DATA IN THIS EXERCISE:

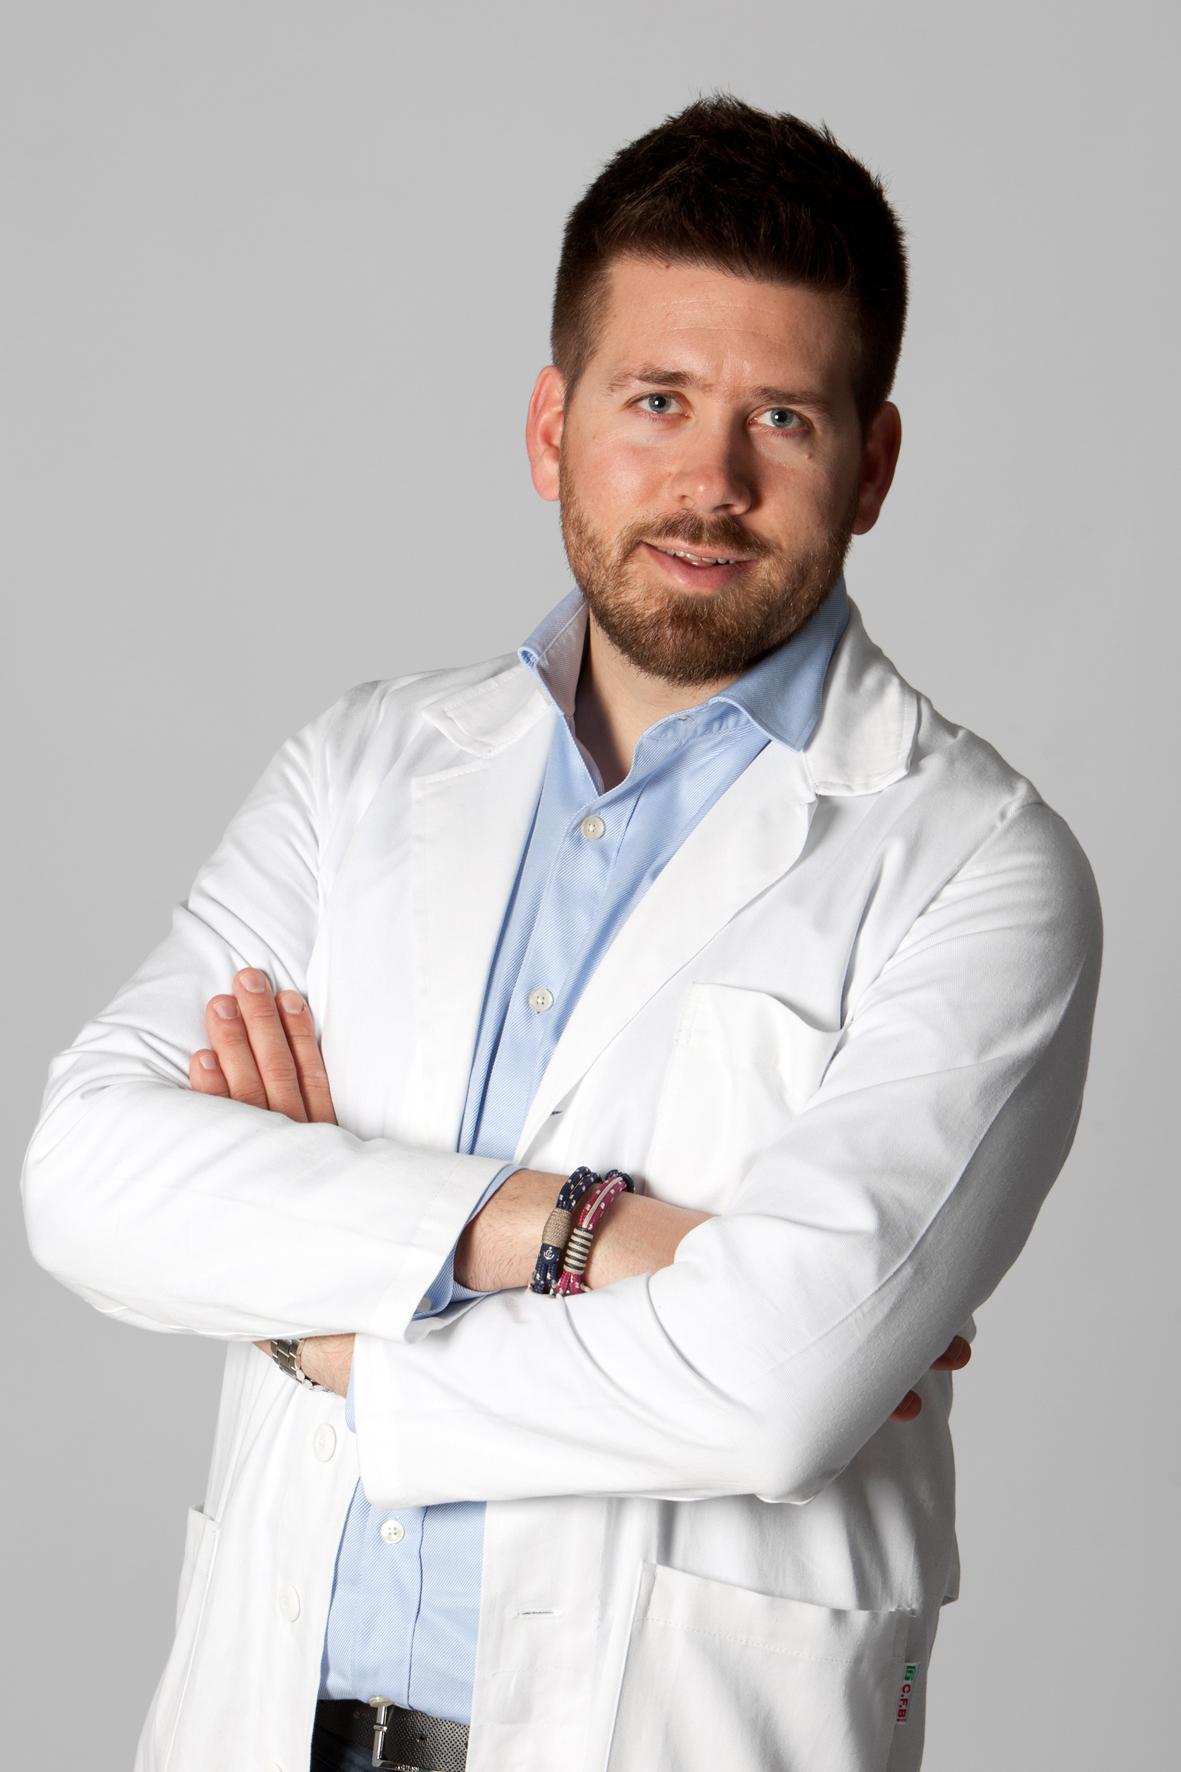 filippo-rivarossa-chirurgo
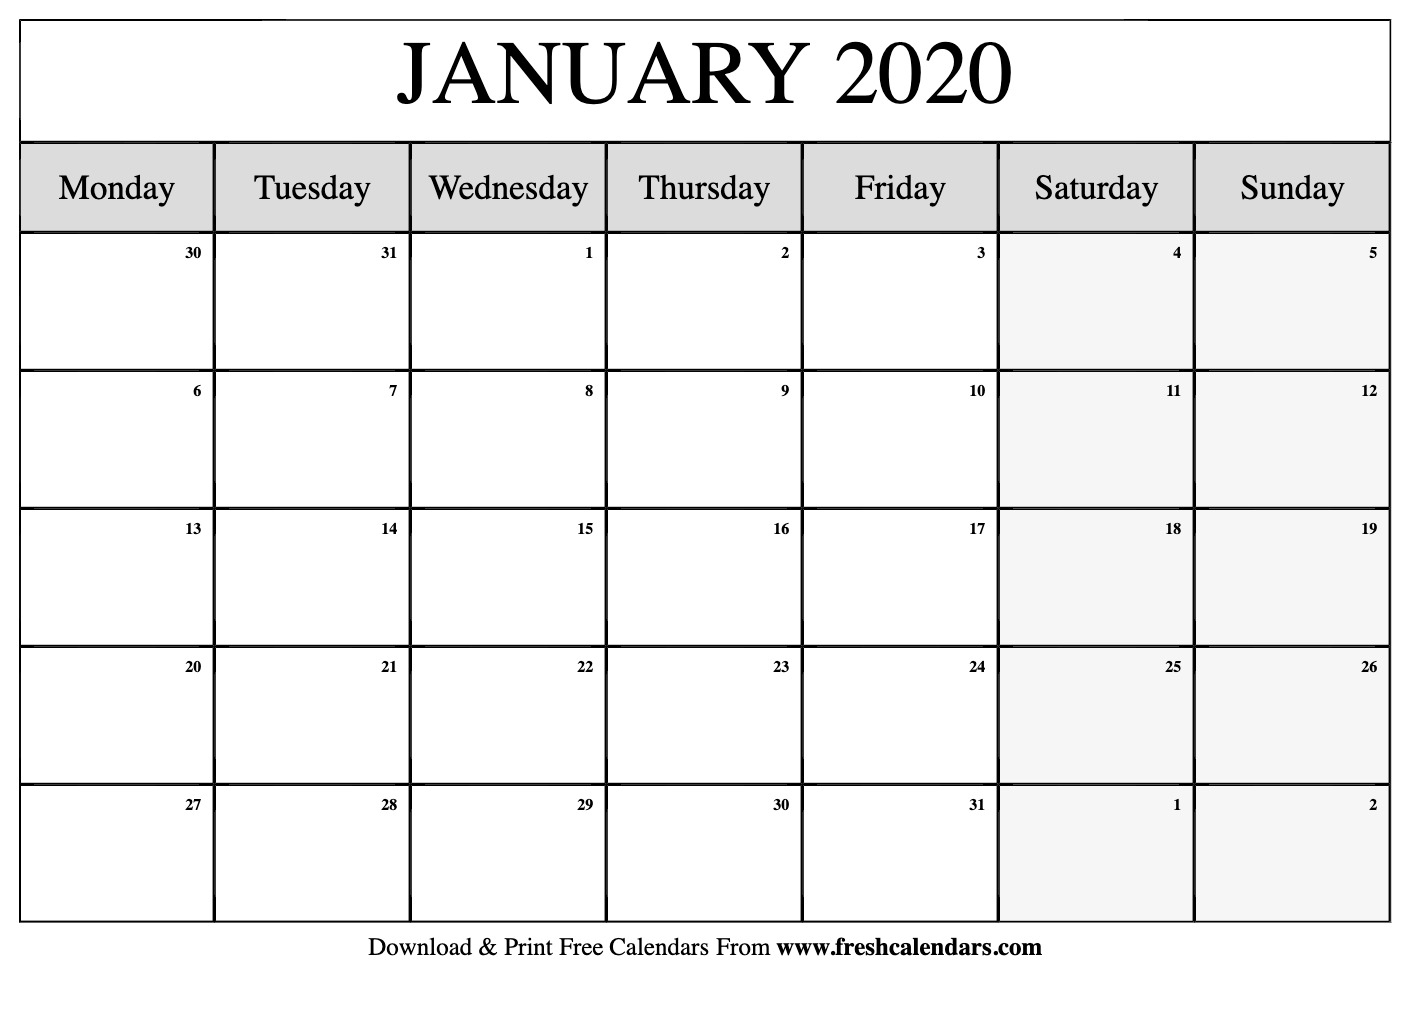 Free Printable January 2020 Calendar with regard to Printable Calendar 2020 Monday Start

--

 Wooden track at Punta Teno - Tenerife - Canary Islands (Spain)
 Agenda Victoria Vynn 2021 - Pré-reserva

EXERCISE: Beginning with the line holding "Wooden track at" and ending with the line holding "Agenda Victoria Vynn 2021 - Pré-reserva", write out the stretch of material above exactly; add no further lines.

ANSWER SECTION:
 Wooden track at Punta Teno - Tenerife - Canary Islands (Spain)
 Agenda Victoria Vynn 2021 - Pré-reserva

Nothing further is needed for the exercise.